AMG 501 A New Precision Cancer Medicine to Finally Target KRAS

KRAS is a major driver of cancer and doctors may have finally figured out how to turn it off.

by Dr. C.H. Weaver M.D. June 2019

Decades of research may have finally determined how to target KRAS, a major genetic driver of cancer. Initial study results presented Monday at the American Society of Clinical Oncology's annual meeting in Chicago. A novel precision cancer medicine currently known as “AMG 501” caused cancers to shrink in five of 10 lung cancer patients.

KRAS, an oncogene that impacts the growth of lung, pancreatic and colorectal cancers. The new medication is the first of its kind to reach clinical testing and works by binding to what researchers describes as a "hidden groove" on the protein produced by the mutated KRAS gene. When AMG 510 binds, the protein is inactivated which “tiurns off” the signals it sends to trigger cell division and cancer cell growth. AMG 510 is aimed at a specific type of KRAS mutation called G12C, which occurs in roughly 13% of non-small cell lung cancers, 3% to 5% of colorectal cancers, and between 1% and 3% of other cancers.

So far, 35 patients have enrolled in a Phase 1 clinical trial and the medication appears well tolerated with acceptable side effects so far….

Among 10 lung cancer patients with the KRAS G12C mutation confirmed by gene sequencing five individuals experienced a partial response to therapy and four had stable disease. All patients who responded remain on therapy with follow-up stretching from seven weeks to more than six months. Interestingly, results didn't appear as positive in colorectal cancer, however, where 13 of 18 evaluable patients had stable disease.

A Little More Information About the KRAS Oncogene

A pivotal milestone in cancer research was the discovery of a group of genes called the RAS family. RAS is an oncogene—a gene that encodes proteins that function as switches to turn on various genes for cell growth and division. These genes are intricate players in the normal cell cycle, responding to cues both outside and inside the cell that regulate how fast a cell should grow and divide. Furthermore, there are myriad proteins that interact with RAS—including receptors on the cell surface—that pass signals into the cell through complex circuits of protein interactions, with the end result being changes in gene expression. Mutations in the RAS genes result in permanently “turned on” switches that in turn result in uninhibited cell division, which can lead to cancer.
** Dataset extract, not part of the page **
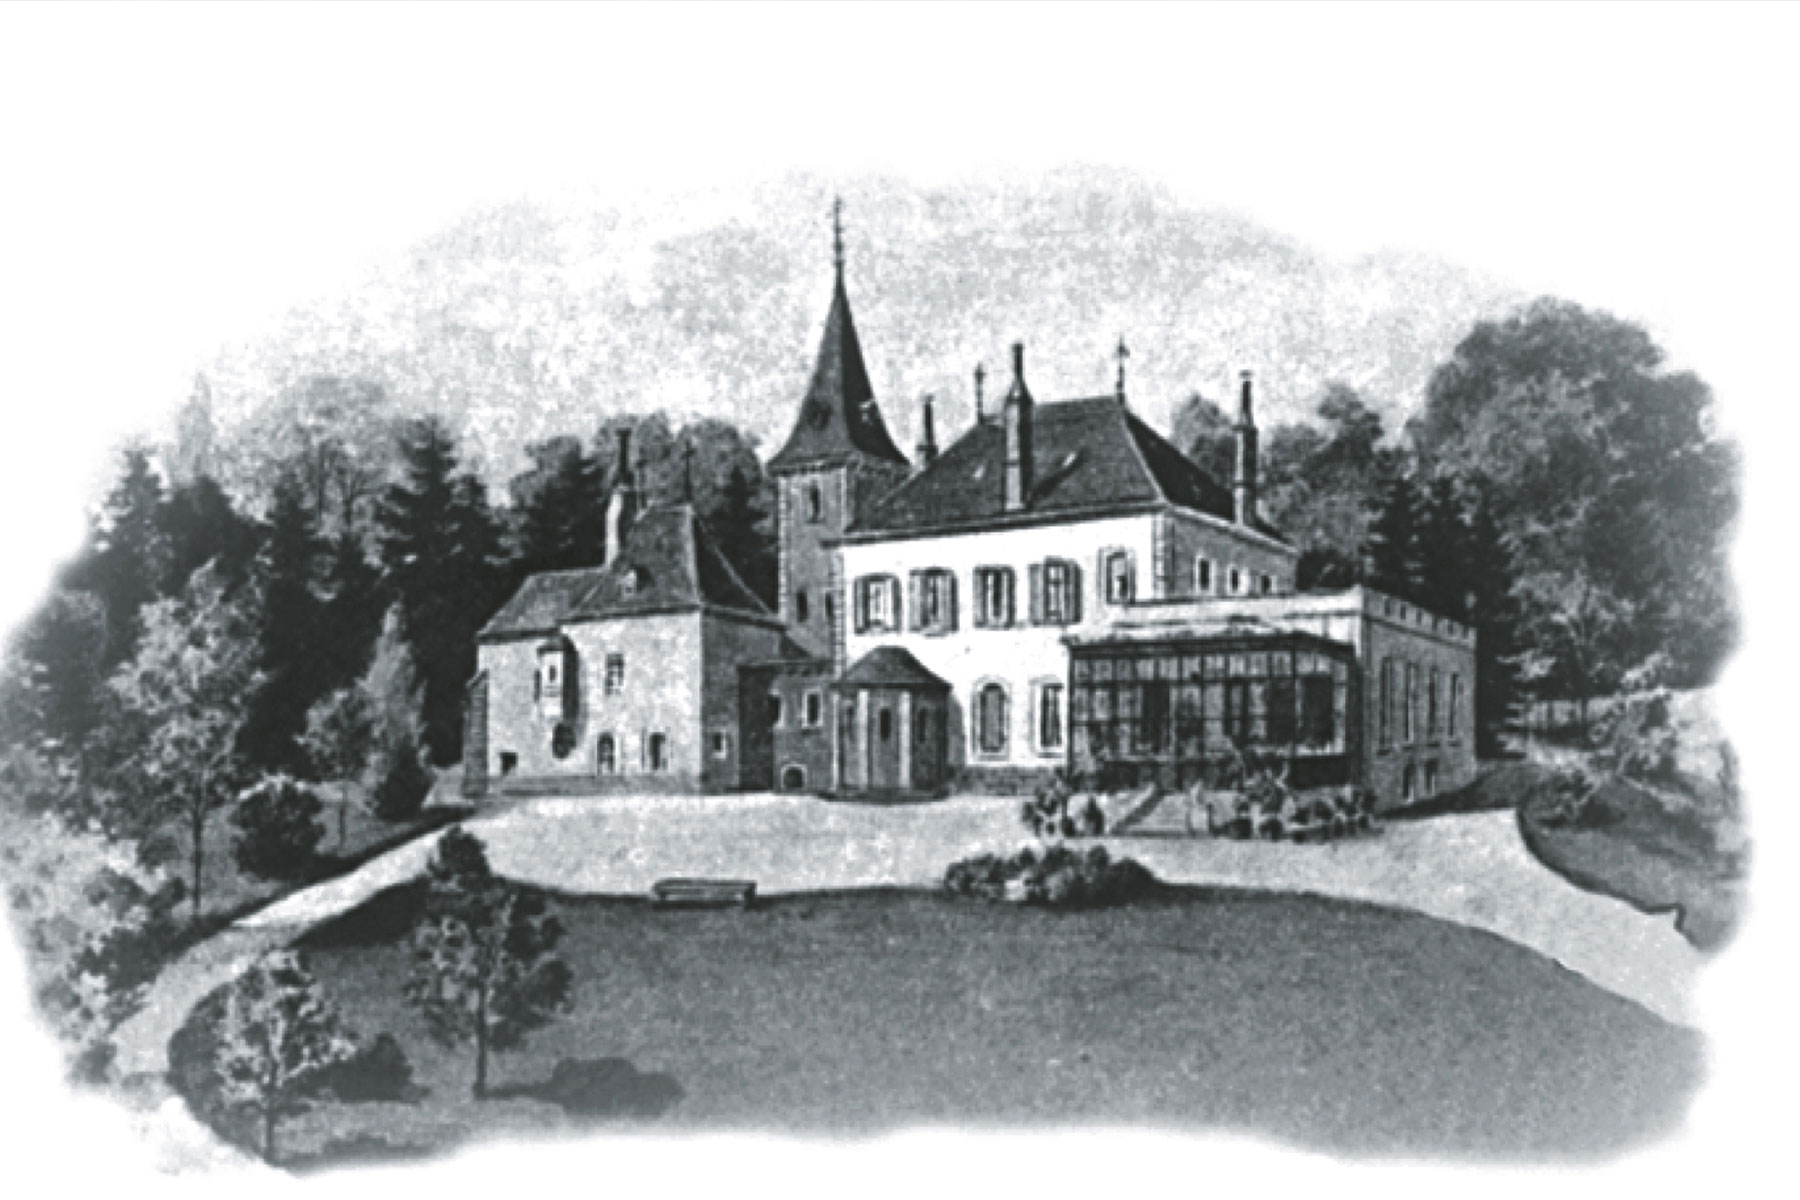 01_03-Histoire-Bourgogne_PierrePonnelle_vin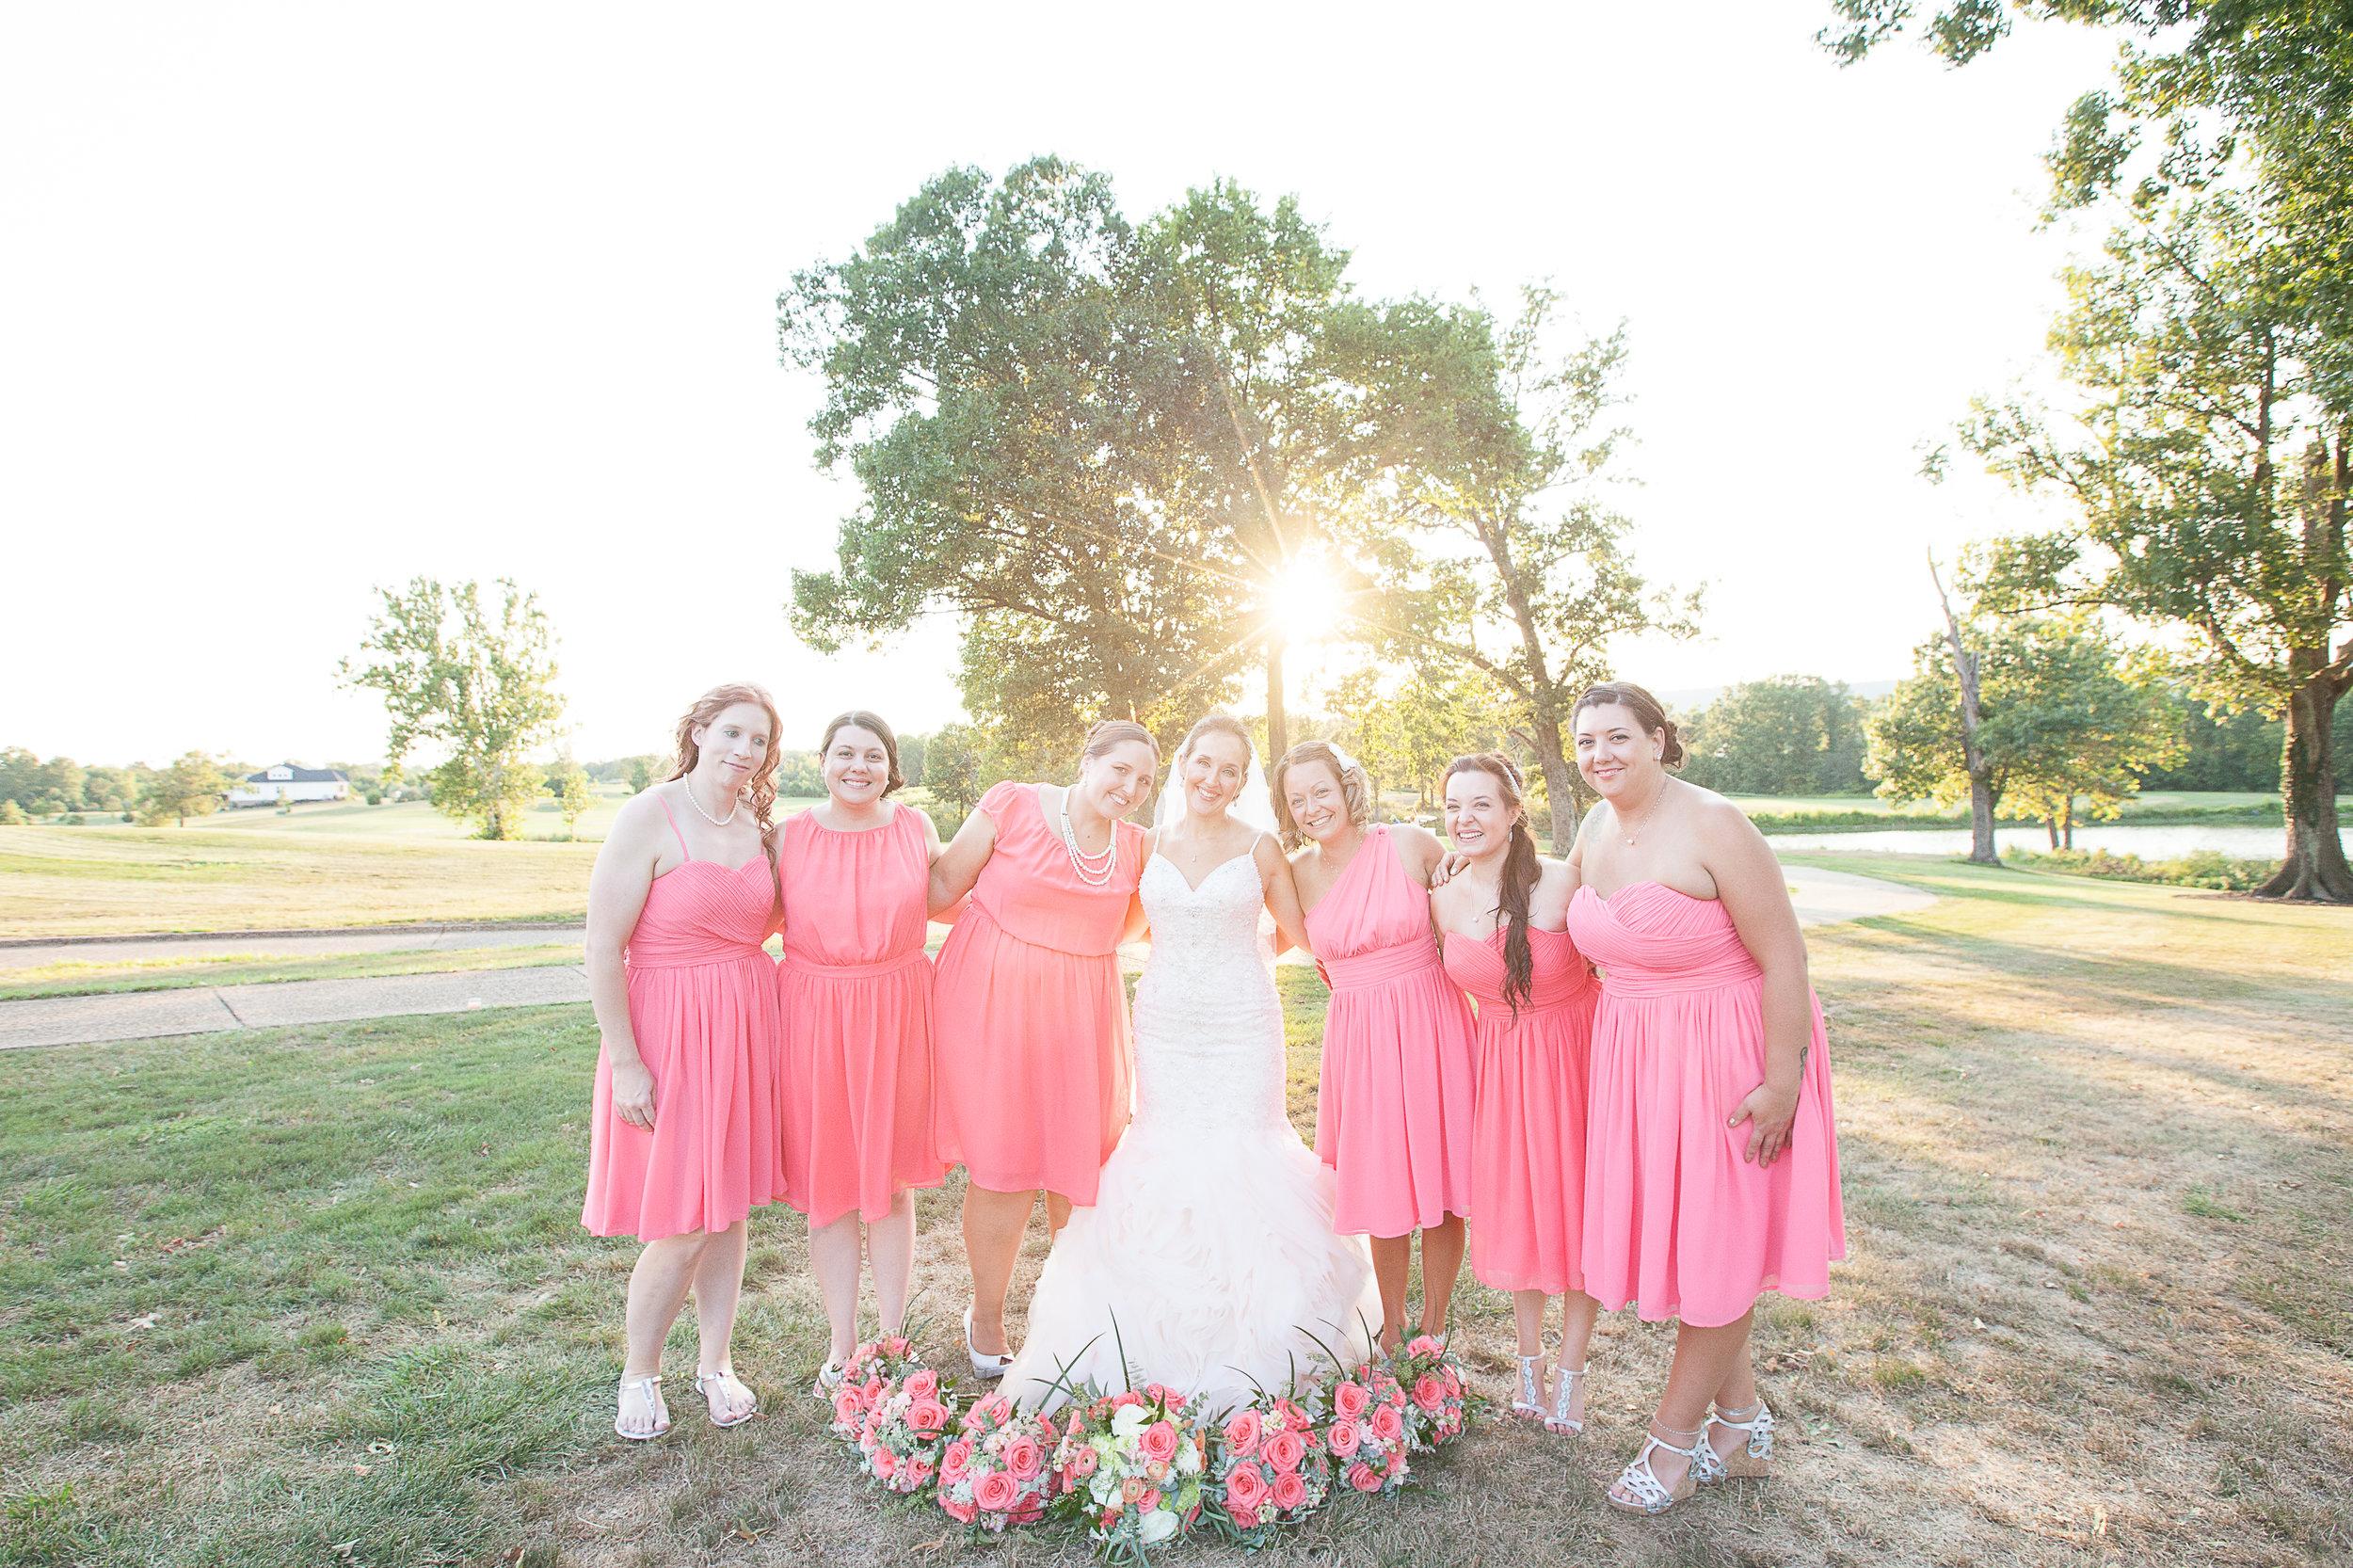 Marissa-Timon-Wedding-Kim-Pham-Clark-Photography-10.jpg

There are three types of RAS oncogenes, designated NRAS, GRAS, and KRAS. Although mutations in all three can cause cancer, KRAS is the most frequently mutated oncogene in human colorectal cancer. About 40 to 50 percent of human colorectal cancers have mutated KRAS genes. Recently developed laboratory assays are able to differentiate those tumors that have this mutation from those that have normal (also called wild-type) KRAS.

This has had several therapeutic implications. Cancers that have non-mutated, or wild-type, KRAS are susceptible to a class of biologic agents called epidermal growth factor receptor (EGFR) inhibitors. EGFR is a receptor on the surface of the cell that binds to a growth factor called epidermal growth factor (EGF). This receptor activates cellular pathways that promote cell growth and division, with KRAS being one of the key players in the process. Blocking the EGF receptor removes this important signal for the continued growth of cancer cells. The two EGFR-targeting agents studied in colon cancer are Erbitux® (cetuximab) and Vectibix (panitumumab).

Another exciting group of drugs that specifically targets the KRAS protein works by inhibiting an enzyme called farnesyltransferase. This enzyme is involved in activating the RAS proteins. As of yet these drugs are not available for use at the bedside and are currently being tested in animal models.